Em todo o bluegrass e além, as multidões aumentaram e as oportunidades cresceram.
“Tínhamos um público diversificado de pessoas que não estávamos acostumados a ver, e todos com a mesma pergunta: ‘Onde podemos encontrar mais músicas como essa?’” Explicou Tyminski. “Essa música tem uma dívida enorme com Ó irmão, onde estás?”
Talvez a melhor evidência da sua influência tenha sido a própria noite. Os ingressos para o show esgotado custavam quase US$ 500 no mercado secundário. No final do show, Burnett finalmente apareceu sob um coro de aplausos, dizendo que este filme era sobre a história da música folk americana.

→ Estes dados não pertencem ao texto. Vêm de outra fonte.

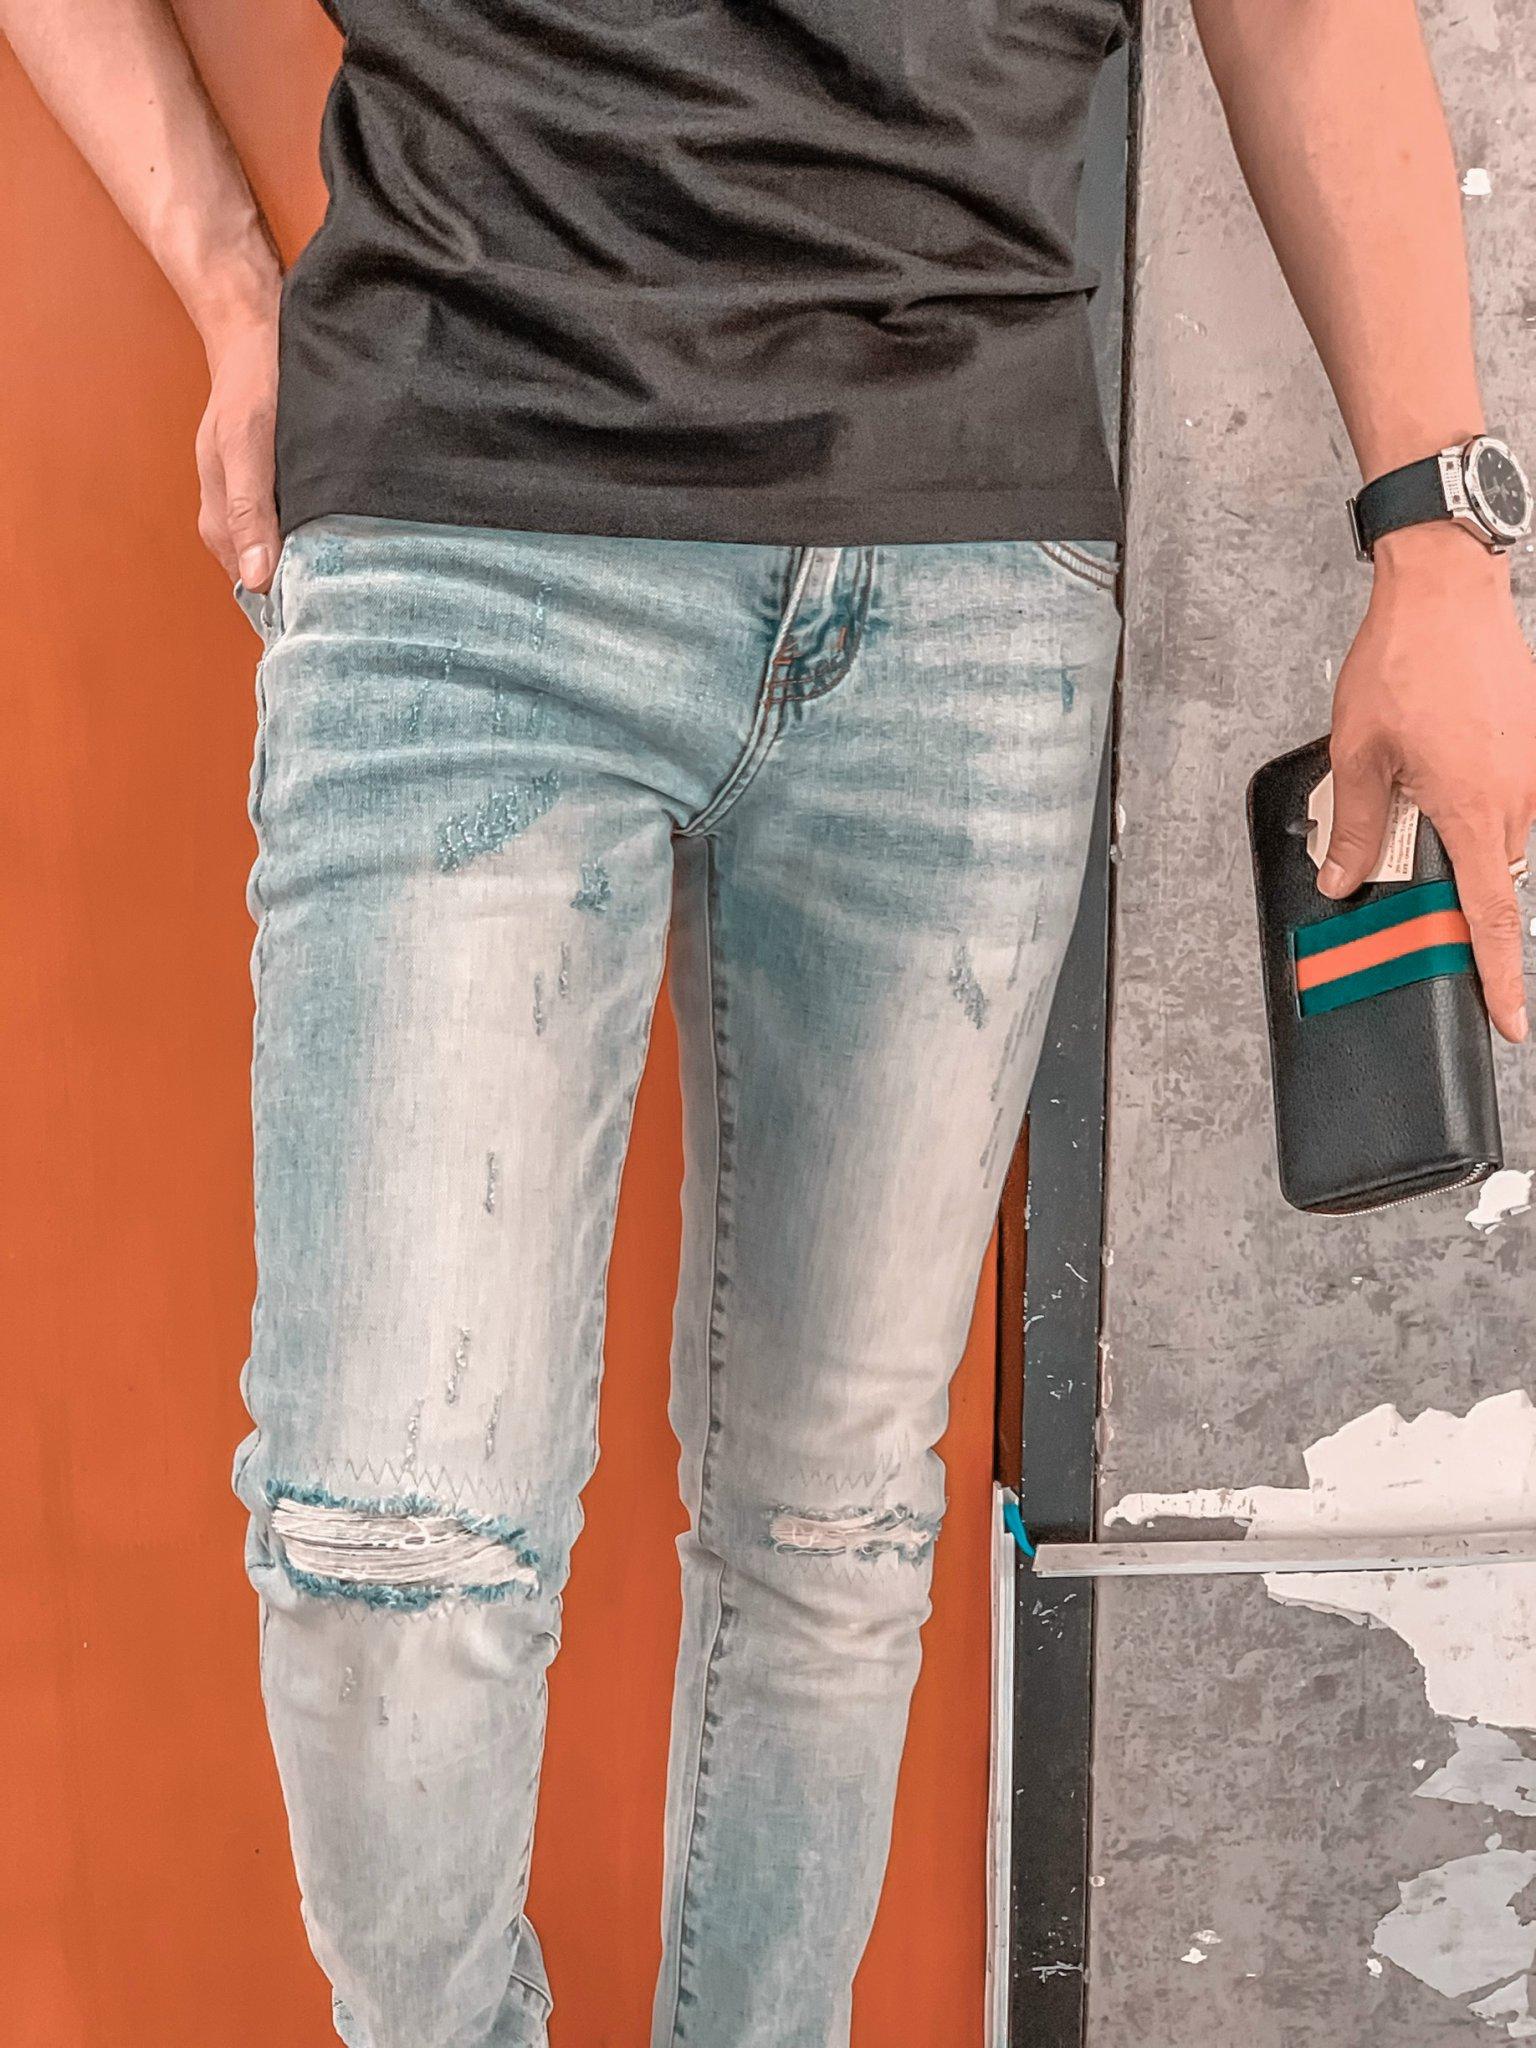 quan-jeans-nam-jaen-thom-brown-sieu-ca-p-ha-ng-mo-i-ve-ma-u-don-gia-n-de-pho-i-d

Fala com todos.
“Ouço coisas ruins sobre o nosso país, mas se você quiser saber o que há de bom nos Estados Unidos, ouça a nossa música, porque a música nos Estados Unidos é a melhor música do mundo”, disse ele. “As pessoas vieram de todo o mundo, em línguas diferentes, religiões diferentes, políticas diferentes, tudo isso diferente. Mas todos os músicos ouviram uns aos outros e criamos harmonia.”
O programa do Opry terminou exatamente na mesma harmonia, com todos os artistas cantando o refrão de “I’ll Fly Away” e a multidão batendo palmas de pé. Pelo menos naquele momento, havia poucos sinais de tristeza constante.